Search code examples
apache-sparkgoogle-bigqueryschemagoogle-cloud-storage

1 column with different schemas across files in folder in Spark (PlainDoubleDictionary)


TLDR
Data Source: GCS
target BigQuery
Problem wildcard reads multiple files, all with same columns, but airport_fee sometimes is of integer and sometimes of double datatype
Error: java.lang.UnsupportedOperationException: org.apache.parquet.column.values.dictionary.PlainValuesDictionary$PlainDoubleDictionary

I am using New York Taxi data for a project.
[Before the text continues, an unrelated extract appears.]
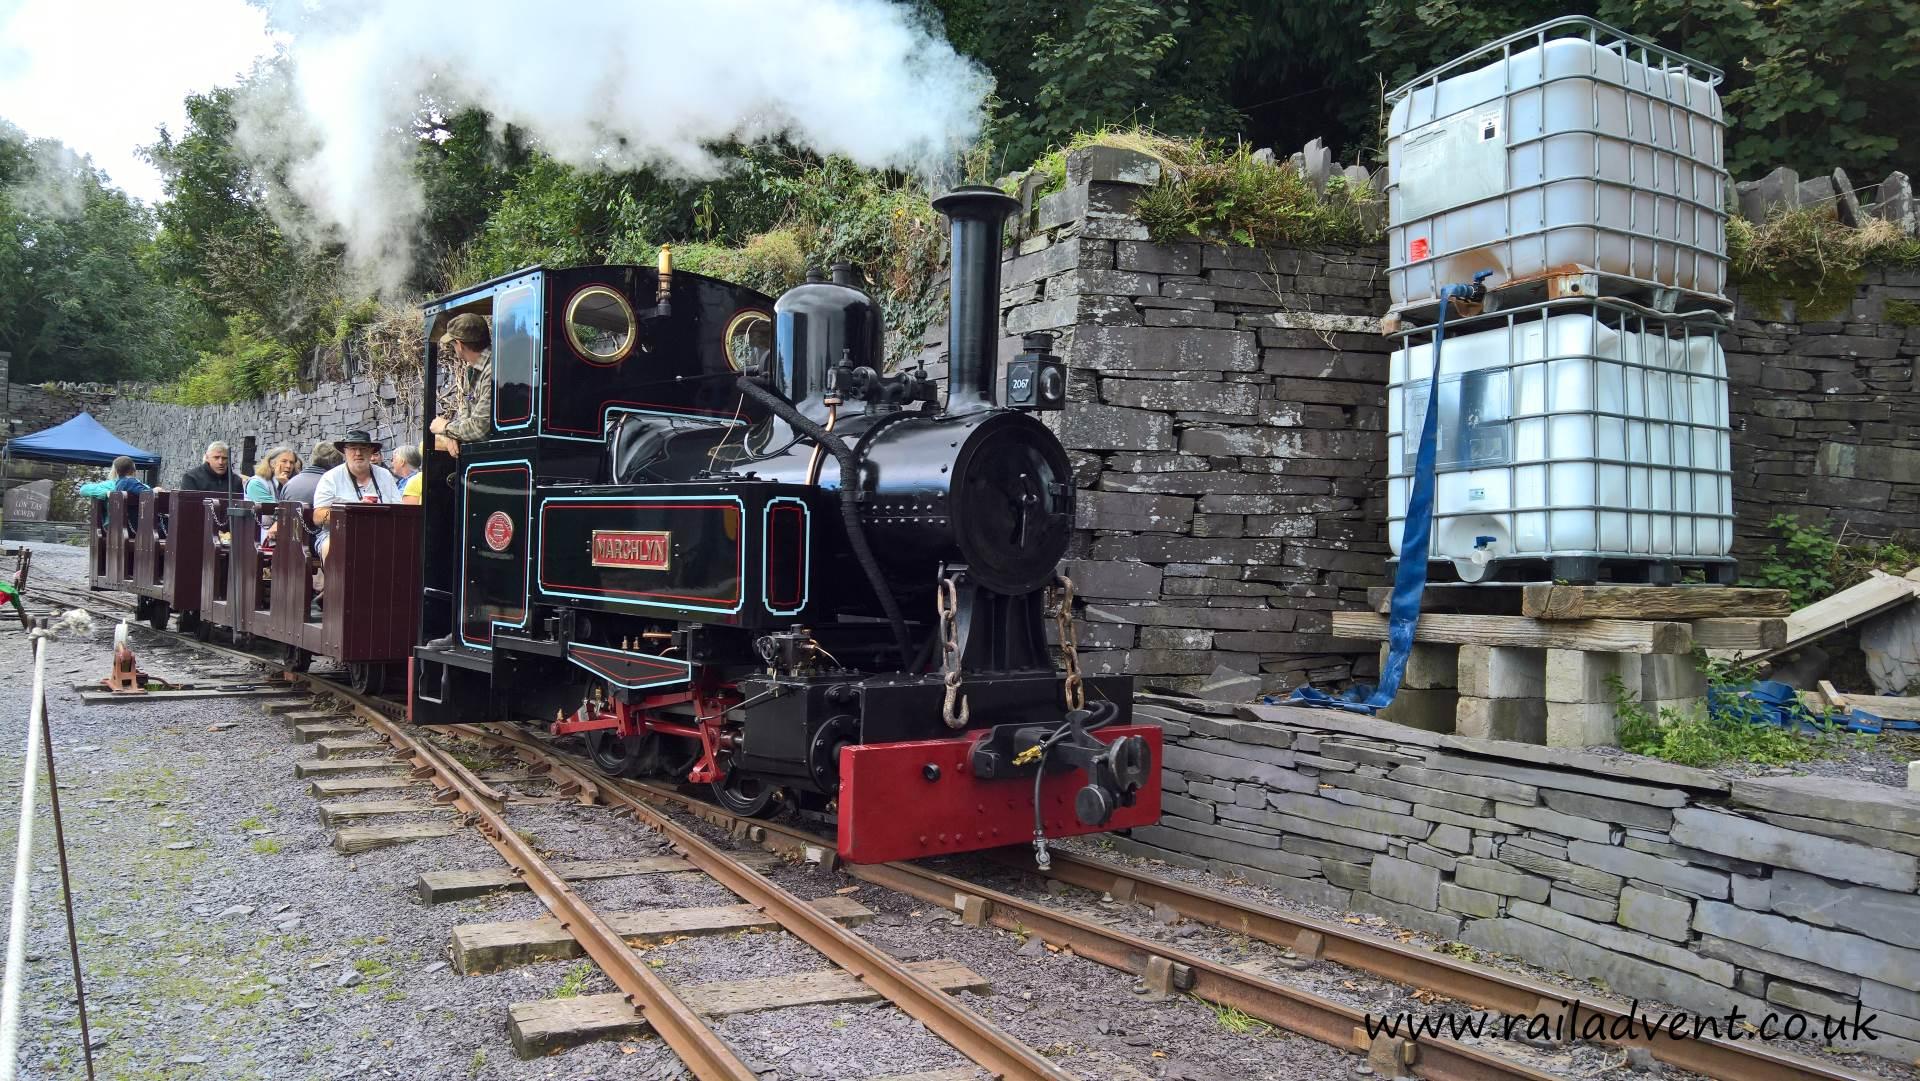 Marchlyn on the Penrhyn Quarry Railway during Penrhyn Redirected
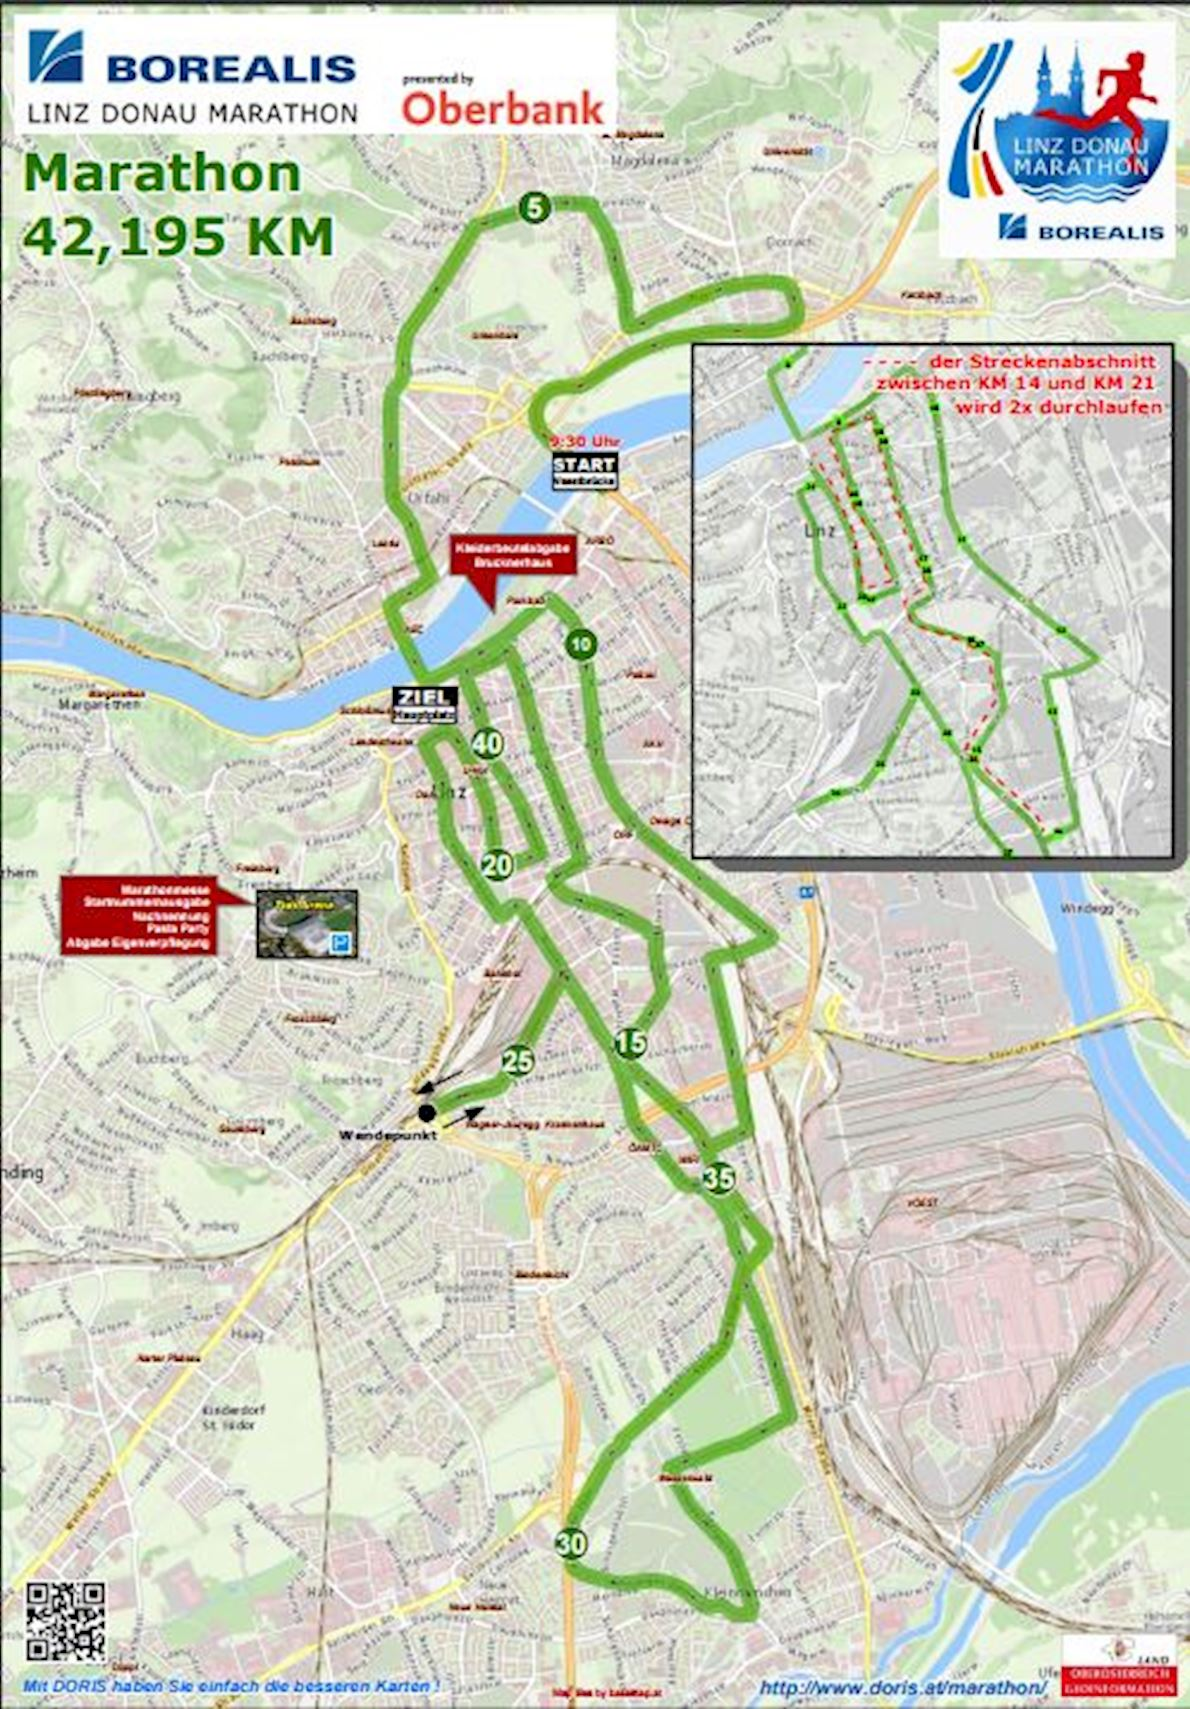 Oberbank Linz Donau Marathon Mappa del percorso

All was going smooth until I tried to load the data from GCS to BigQuery with Spark after applying some light transformations (some type casting, renaming columns and some filters)

the problem is a column called "airport_fee"

apparently the column is int type in some files, and double type in others.

here is a sample

yellow_source = f"gs://{gcp_bucket}/yellow_trip_data/*"

spark = SparkSession \
    .builder \
    .master('yarn') \
    .config("spark.sql.files.ignoreCorruptFiles", "true") \
    .config("spark.sql.ansi.enabled", "true") \
    .appName('ny_taxi') \
    .getOrCreate()

df = spark.read.parquet(yellow_source) \
.withColumn("airport_fee", F.col('airport_fee').cast('double')

df= df.write \
    .mode("overwrite") \
    .option("overwriteSchema", "true") \
    .format("bigquery") \
    .option("temporaryGcsBucket", gcs_spark_bucket) \
    .option("dataset", staging_dataset) \
    .save("bqtb_stg_yellow")

I have hopelessly tried the above, and many other variations(mergeschema, overwriteschema, ignore corrupt files, schema(schema)), even when they didn't make sense. all of them failed.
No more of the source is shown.